Our entrenched reliance on – and attachment to – this method of travel means that, even if we shift away from such widespread car ownership, we need to change our perception of what cars are if we want to mitigate their high environmental costs.

This doesn’t just mean moving to electric vehicles. Just at the resource extraction level, roughly five tons of materials are needed to produce a 1.2 ton car, creating ten tons of effluents and 2.5 tons of emissions. Processing these materials into components, assembling and distributing the cars around the world – and then using, servicing and disposing of them generates even more emissions. In total, a typical mid-size car is responsible for around 17 tons of CO₂.

The total embodied emissions for alternatively fuelled vehicles such as hybrids, electric and fuel-cell vehicles may even be higher than normal internal combustion engines – even when they produce no tail-pipe emissions (based on the as-yet unpublished study). This is perhaps because such technologies are more energy intensive to produce due to the materials that compose them.

New ideas needed


So what is the alternative to the current system? If car travel is going to remain common, perhaps we need to be smarter about how we build and use them. Our cars currently spend 92% of their time parked – and, when driving, most of their weight is used only to carry one person most of the time.

Cars could be produced in fewer numbers, to be smaller, longer-lasting and shared by more people. And instead of focusing on turning out as many new cars with relatively short lifespans as possible, manufacturers could provide more services to keep vehicles on the road for longer and deal with their disposal.

The role of car designers could also change. First by designing simpler basic cars, without “gimmicks” such as mood lights or massaging seats. Timeless lines rather than subject to the fads of the day. Instead of working on one project after another, the designer could be involved in an upgrading process that would see each model evolve through re-manufacturing in a more direct interaction with consumers.

Other changes in the features of the cars themselves could also produce more sustainable models. For example, safety standards today are driven by electronic systems such as collision-avoidance and pedestrian-detection systems. These could be upgraded during service life more easily than physical features. Based on my own (as yet unpublished) research, I believe that if these systems prove to be highly reliable, there will be no need for low-speed impact structures, reducing the use of materials.

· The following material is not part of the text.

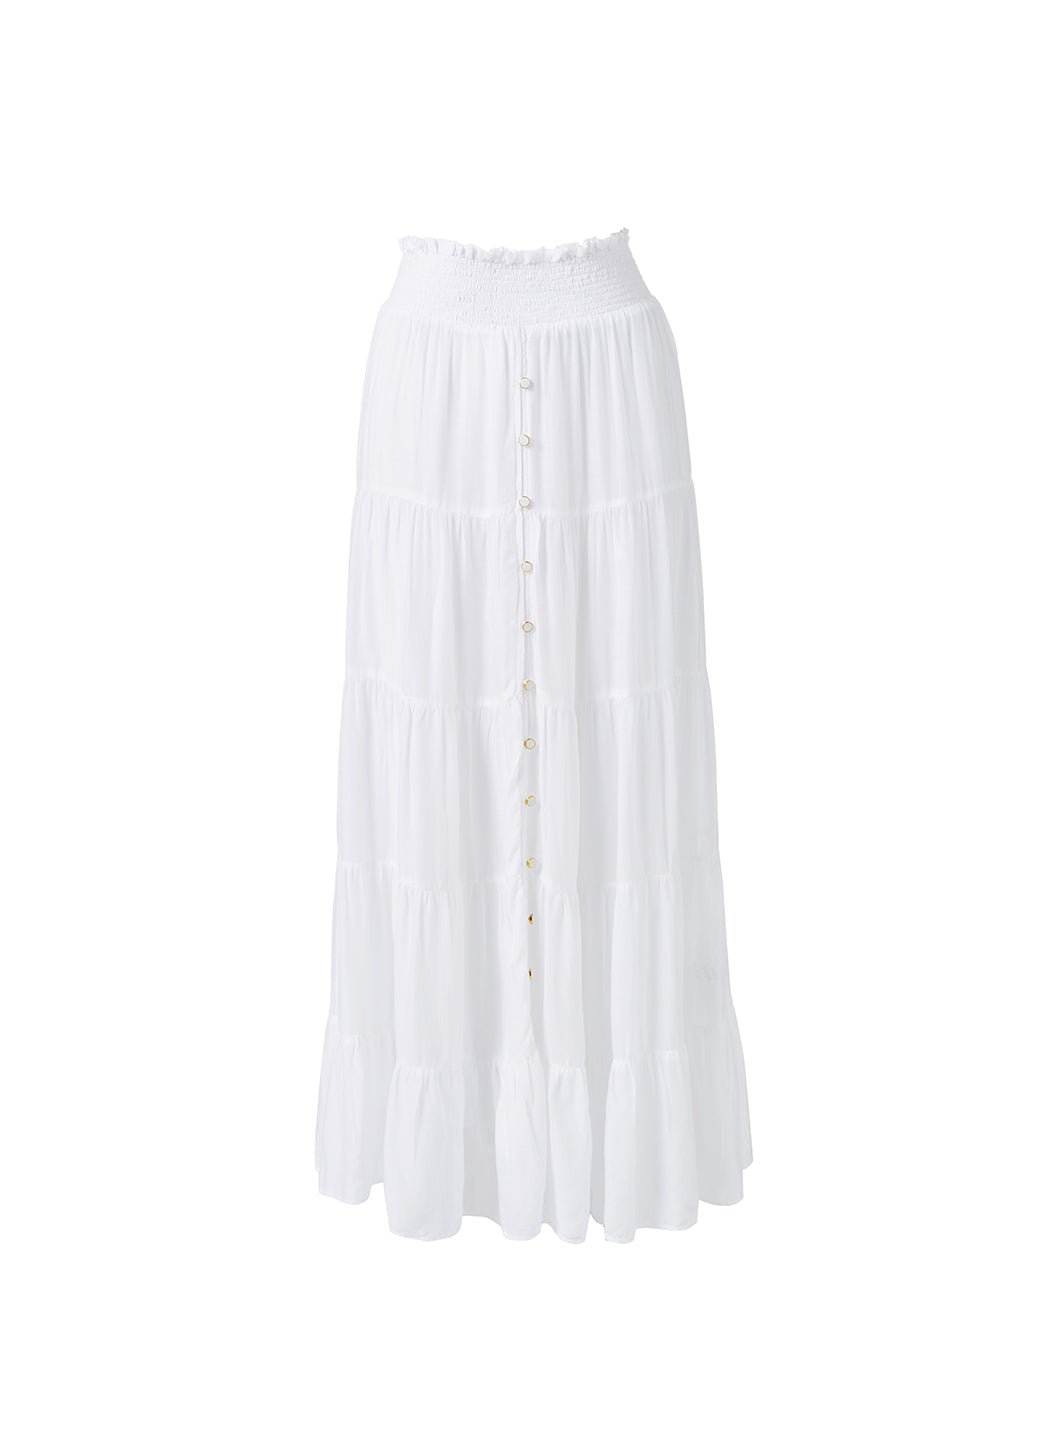 dee-white-skirt_cutout
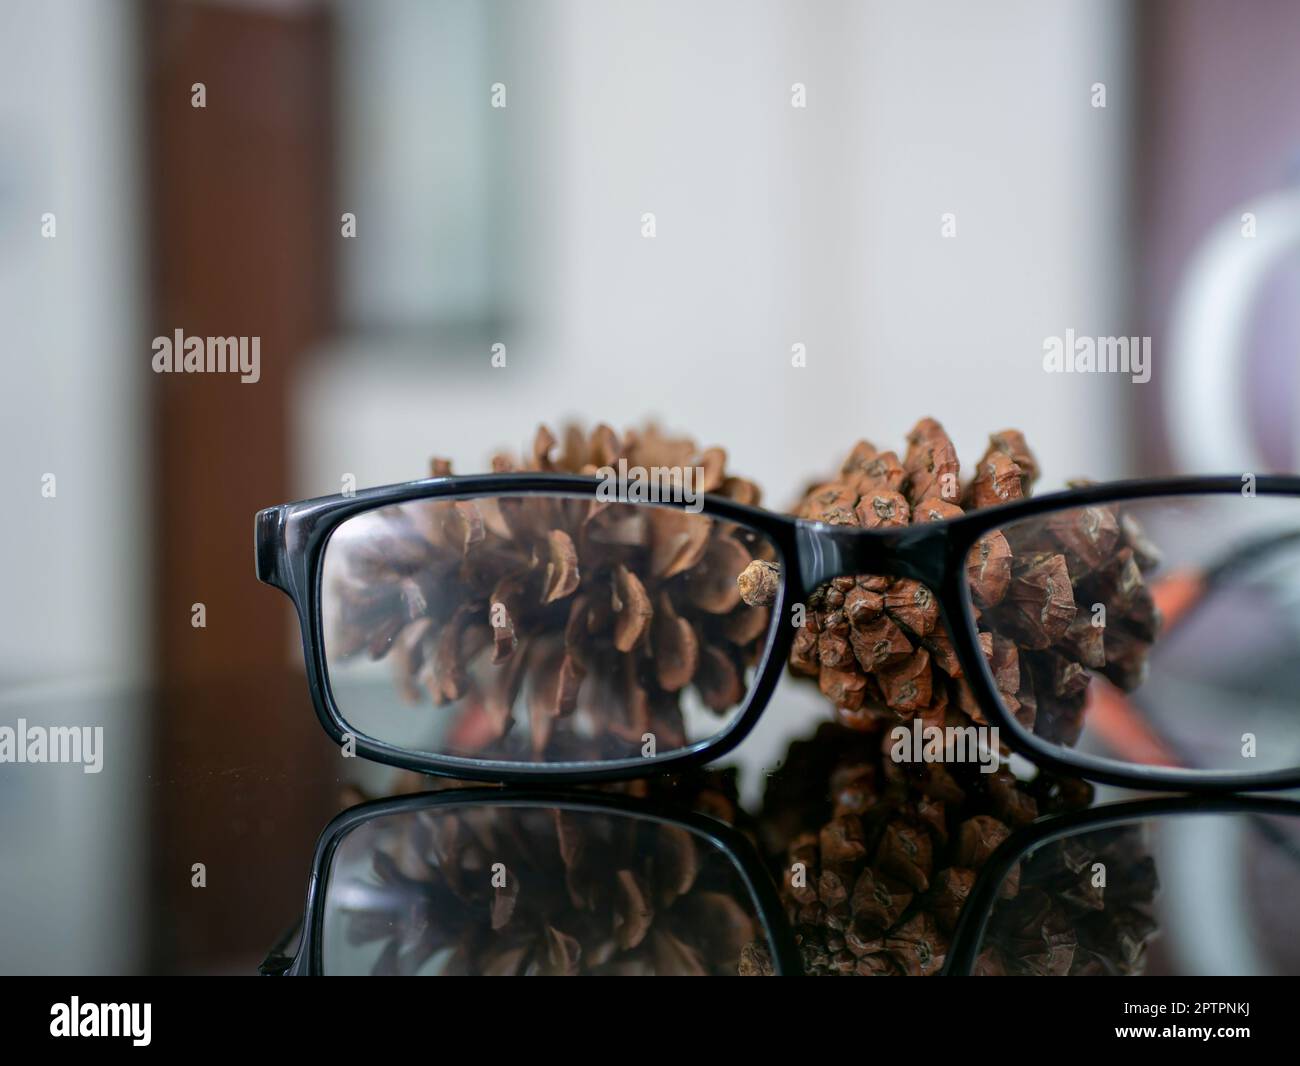 Reading glasses and dried pine cones, Pinus merkusii seeds, shallow focus Stock Photo

This model might be easier to move to than it first sounds. So-called millennials are less interested in cars than previous generations, applying for driver’s licences later in life and more likely to live in highly congested cities where access to public transport is easier. They are also used to sharing or renting services, for example with taxi-hailing or liftsharing apps such as Uber. Owning a car, on the other hand, is seen as an expensive liability.

Industry turning point


The car manufacturing industry is also at a cross-roads. Powertrain options are multiplying, driverless technology is poised to make big changes and non-automotive companies including Google want a share of the market. As materials become more expensive, relying on cars with relatively shorter lifespans to flood the market is not in anyone’s interest. Not even the car makers, who at best can only make 5% annual profit.

The current business model may not survive in the longer term. It may naturally make more sense for manufacturers to build and service cars as long-lasting rental products. Some electric vehicle manufacturers have already introduced rental schemes for their batteries, which are likely to need replacing far quicker than the rest of the car.

Extending the lifespan and the product life cycle will impact on production. Fewer cars means that the return on investment may take longer. But it could also mean less need to update costly manufacturing tools – and factories could be made more modular and flexible to produce different types of cars in one assembly line. Plants could be more localised to meet the different needs of the different megacities of the future. And redundant assembly workers could be retrained into servicing and maintenance or other car-related services.

This model would require us to think differently about cars, redefining terms such as “old” and “used” and educating consumers, especially those from older generations who are unfamiliar with sharing systems. Not all cars will survive into the future, but if we are better stewards of what we have now and learn to cherish products in a more subjective way than the market does, cars can definitely last for longer.

   



New tire brands you've never heard of.

Of course, unless you took delivery of a brand new car yesterday, we are all driving around on used tires.

If you haven't replaced your car tires recently, your wallet may be in for a surprise. Tires can be pricey, even if your car is an 'econobox.' You could be tempted to save money by buying used tires. Doing so can be a safe choice, if the tires are in good condition and have a side wall name that you recognise.

Garages, junkyards and sometimes tire shops and even internet tire shops will sell tires that are used but still have plenty of tread on them and are not showing signs of obvious wear, as an alternative to consumers who experience sticker shock over replacing their worn tires.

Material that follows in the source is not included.